Dengan pecahnya Perang Dunia II, kerjasama Nazi Jerman dengan nasionalis Arab semakin intensif. Badan intelijen Hitler mengalokasikan sejumlah besar uang setiap bulan kepada mufti Yerusalem dan politisi Arab lainnya. Mufti Husseini tiba di Italia dari Iran pada Oktober 1941, dan kemudian pindah ke Berlin. Di Jerman, ia bertemu dengan pimpinan tertinggi dinas keamanan, termasuk Adolf Eichmann, dan mengunjungi kamp konsentrasi Auschwitz, Majdanek dan Sachsenhausen dalam perjalanan wisata. Pada tanggal 28 November 1941, terjadi pertemuan antara Mufti al-Husseini dan Adolf Hitler. Pemimpin Arab menyebut Fuhrer Hitler "pembela Islam" dan mengatakan bahwa orang Arab dan Jerman memiliki musuh yang sama - Inggris, Yahudi dan Komunis, sehingga mereka harus berjuang bersama dalam pecahnya perang. Sang mufti mengimbau umat Islam dengan seruan untuk berperang di pihak Nazi Jerman. Formasi sukarelawan Muslim dibentuk, di mana orang-orang Arab, Albania, Muslim Bosnia, perwakilan dari orang-orang Kaukasia dan Asia Tengah dari Uni Soviet, serta kelompok sukarelawan yang lebih kecil dari Turki, Iran, dan India Britania bertugas.

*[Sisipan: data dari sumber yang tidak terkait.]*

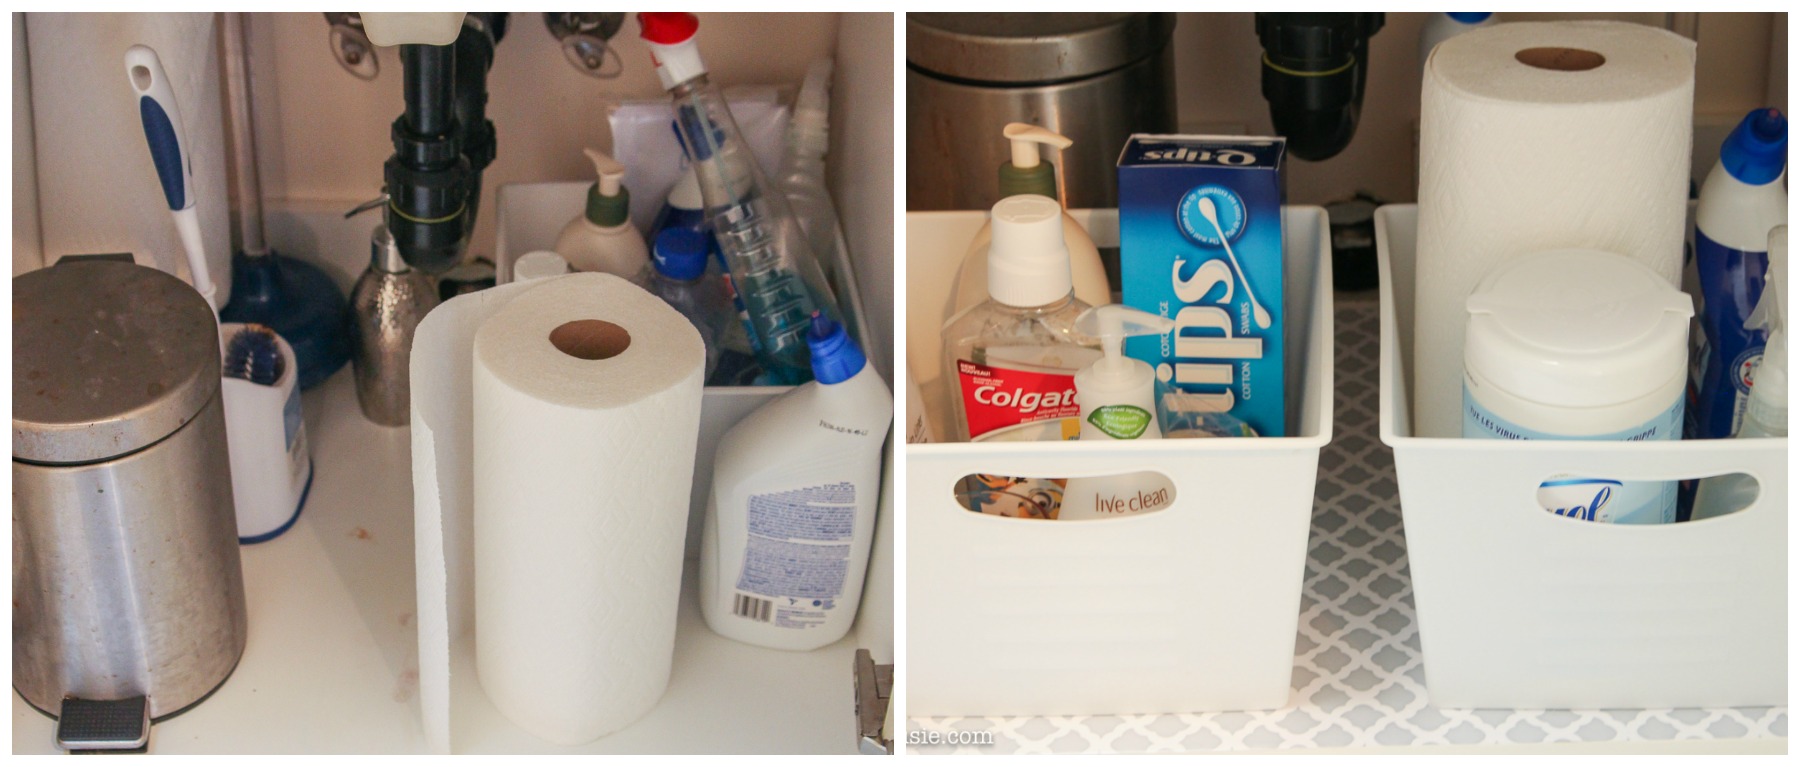 How to Organize Bathroom Cleaning Supplies

Mufti al-Husseini menjadi salah satu pendukung utama pemusnahan total kaum Yahudi di Eropa Timur. Dialah yang mengajukan keluhan kepada Hitler terhadap otoritas Hongaria, Rumania, dan Bulgaria, yang, menurut sang mufti, tidak secara efektif menyelesaikan "pertanyaan Yahudi". Dalam upaya untuk memusnahkan sepenuhnya kaum Yahudi sebagai suatu bangsa, sang mufti menjelaskan hal ini dengan keinginan untuk mempertahankan Palestina sebagai negara-bangsa Arab. Jadi dia tidak hanya berubah menjadi pendukung kerjasama dengan Hitler, tetapi menjadi penjahat perang Nazi yang memberkati umat Islam untuk bertugas di unit SS yang menghukum. Menurut peneliti, mufti secara pribadi bertanggung jawab atas kematian setidaknya setengah juta orang Yahudi Eropa Timur yang dikirim dari Hongaria, Rumania, Bulgaria, Yugoslavia ke kamp kematian yang berlokasi di Polandia. Selain itu, mufti-lah yang mengilhami kaum Muslim Yugoslavia dan Albania untuk membantai orang-orang Serbia dan Yahudi di Yugoslavia. Lagi pula, al-Husseini-lah yang menjadi cikal bakal gagasan pembentukan unit khusus di dalam pasukan SS, yang dapat direkrut dari perwakilan masyarakat Muslim Eropa Timur - Muslim Albania dan Bosnia, yang marah dengan tetangga mereka. - Kristen Ortodoks dan Yahudi.

Divisi SS Timur

Komando Jerman, setelah memutuskan untuk membuat formasi bersenjata dari kalangan etnis Muslim, pertama-tama menarik perhatian pada dua kategori - Muslim yang tinggal di Semenanjung Balkan dan Muslim di republik nasional Uni Soviet. Baik mereka maupun yang lain memiliki skor lama dengan Slavia - Serbia di Balkan, Rusia di Uni Soviet, sehingga para jenderal Hitler mengandalkan kekuatan militer unit Muslim. Divisi Gunung SS ke-13 Khanjar dibentuk dari Muslim Bosnia dan Herzegovina. Terlepas dari kenyataan bahwa para pemimpin spiritual Bosnia dari kalangan mullah dan imam setempat berbicara menentang tindakan anti-Serbia dan anti-Semit dari pemerintah Ustash Kroasia, Mufti Amin al-Husseini mendesak Muslim Bosnia untuk tidak mendengarkan pemimpin mereka sendiri dan untuk melawan untuk Jerman. Jumlah divisi adalah 26 ribu orang, yang 60% adalah etnis Muslim - Bosnia, dan sisanya adalah Kroasia dan Yugoslavia Jerman. Karena dominasi komponen Muslim di divisi, babi dikeluarkan dari diet unit, dan shalat lima waktu diperkenalkan. Para pejuang divisi mengenakan fez, dan pedang pendek - "khanjar" digambarkan di tab kerah mereka.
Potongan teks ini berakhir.